Given a sequence of random variables $(Z_t)_{t\in\mathbb{Z}}$ defined as $Z_t = \cos(tu)$ where $u \sim \text{Uniform}(0,2\pi)$. I want to calculate the mean, covariance and variance to show that this is a White noise process which is not strictly stationary. I have calculated the mean and variance in the following way: The cumulative dist function is given by $$ F_{Z_t}(z) = P(Z_t \leq z) = P(\cos(tu) \leq z) = \frac{\cos^{-1}(z)}{2\pi t}. $$ Then the density is given by $f_{z_t}(z) = \frac{1}{2 \pi t \sqrt{1-z^2}}$ by using the derivate of the arccos. Thus for the mean we get \begin{align} EZ_t &= \int^1_{-1} z f_{Z_t}(z)dz = \frac{1}{2 \pi t} \int^1_{-1} \frac{z}{\sqrt{1-z^2}}dz\\ &= -\frac{1}{2(2 \pi t)} \int^1_{-1} -\frac{2z}{\sqrt{1-z^2}}dz = -\frac{1}{2(2 \pi t)} \left[\sqrt{1-z^2}\right]^1_{-1} = 0. \end{align}
Now for the variance I already know that it should be $\text{Var}(Z_t)=\frac{1}{2}$. But I get the following: \begin{align} \text{Var}(Z_t) &= EZ_t^2 = \int_{-1}^1 z^2 f_{Z_t}(z)dz = \int_{-1}^1 \frac{z^2}{2\pi t \sqrt{1-z^2}}dz \\ &= \frac{1}{2\pi t} \int^1_{-1} \frac{z^2}{\sqrt{1-z^2}}dz = \frac{1}{4t} \end{align} As $\int^1_{-1} \frac{z^2}{\sqrt{1-z^2}}dz = \frac{\pi}{2}$. Where am I going wrong and how does it get independent of $t$?
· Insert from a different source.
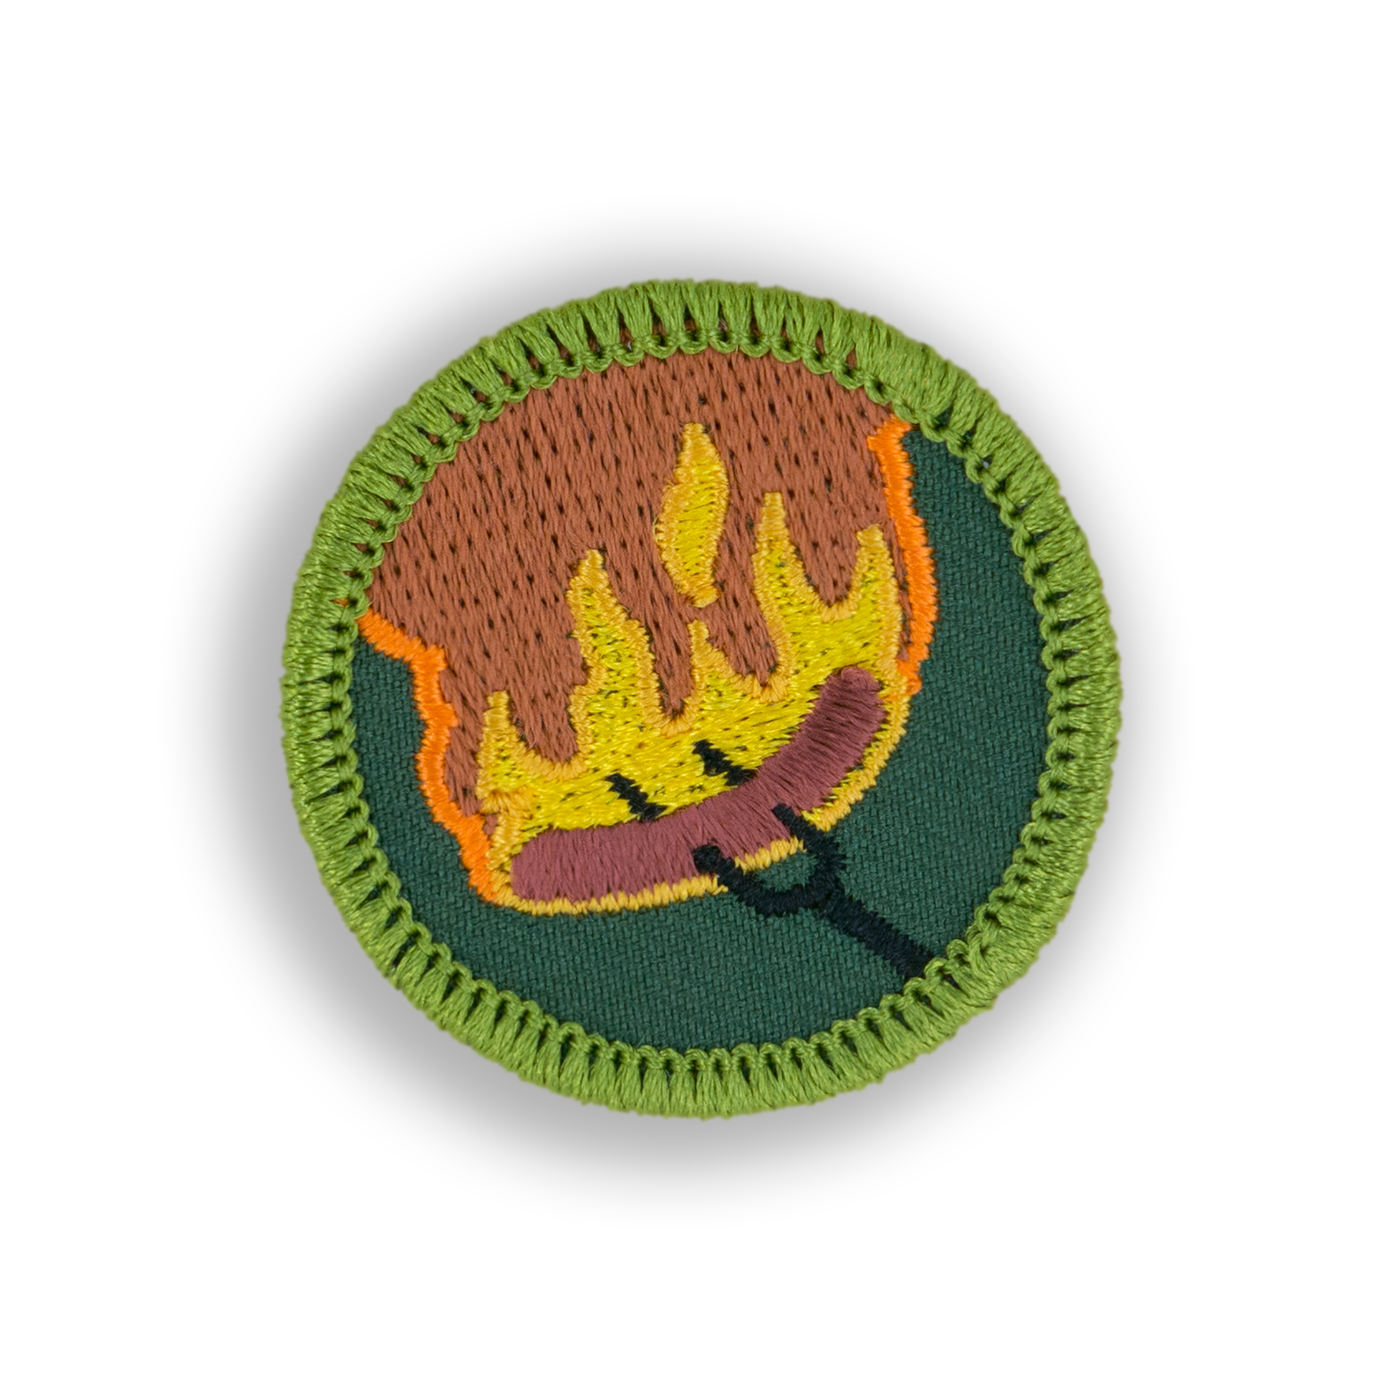 Burning Hot Dog Patch | Demerit Wear - Fake Merit Badges

Is there any easy way to derive the covariance for some $Z_t$ and $Z_j$ with $t\neq j$? Thanks for any help.
I think that your mistake is that the cosine is not invertible in $(0,2\pi)$ so that your density formula is wrong. Anyway, your problem can be solved a lot easier:
Let $U \sim U[0,2\pi]$, then it follows:
$$ \mathbb E [Z_t] = \mathbb E[\cos(tU)] = \frac{1}{2\pi}\int_0^{2\pi} cos(tu) du =0 $$
$$ \begin{aligned} \mathbb E[Z_t^2] &= \mathbb E[\cos^2(tU)] = \frac{1}{2\pi}\int_0^{2\pi} \cos^2(tu) du \\ &= \frac{1}{2\pi}\int_0^{2\pi} \frac{1 + \cos(2tu)}{2} du \\ &= \frac{1}{2\pi}\int_0^{2\pi} \frac{1}{2}du = \frac{1}{2} \end{aligned} $$
Finally for $t \neq s$:
$$ E[Z_t Z_s] = \mathbb E[\cos(tU)\cos(sU)] = \frac{1}{2\pi}\int_0^{2\pi} \cos(tu)\cos(su) du =0 $$
The final equality can be shown e.g. by two repeated applications of partial integration.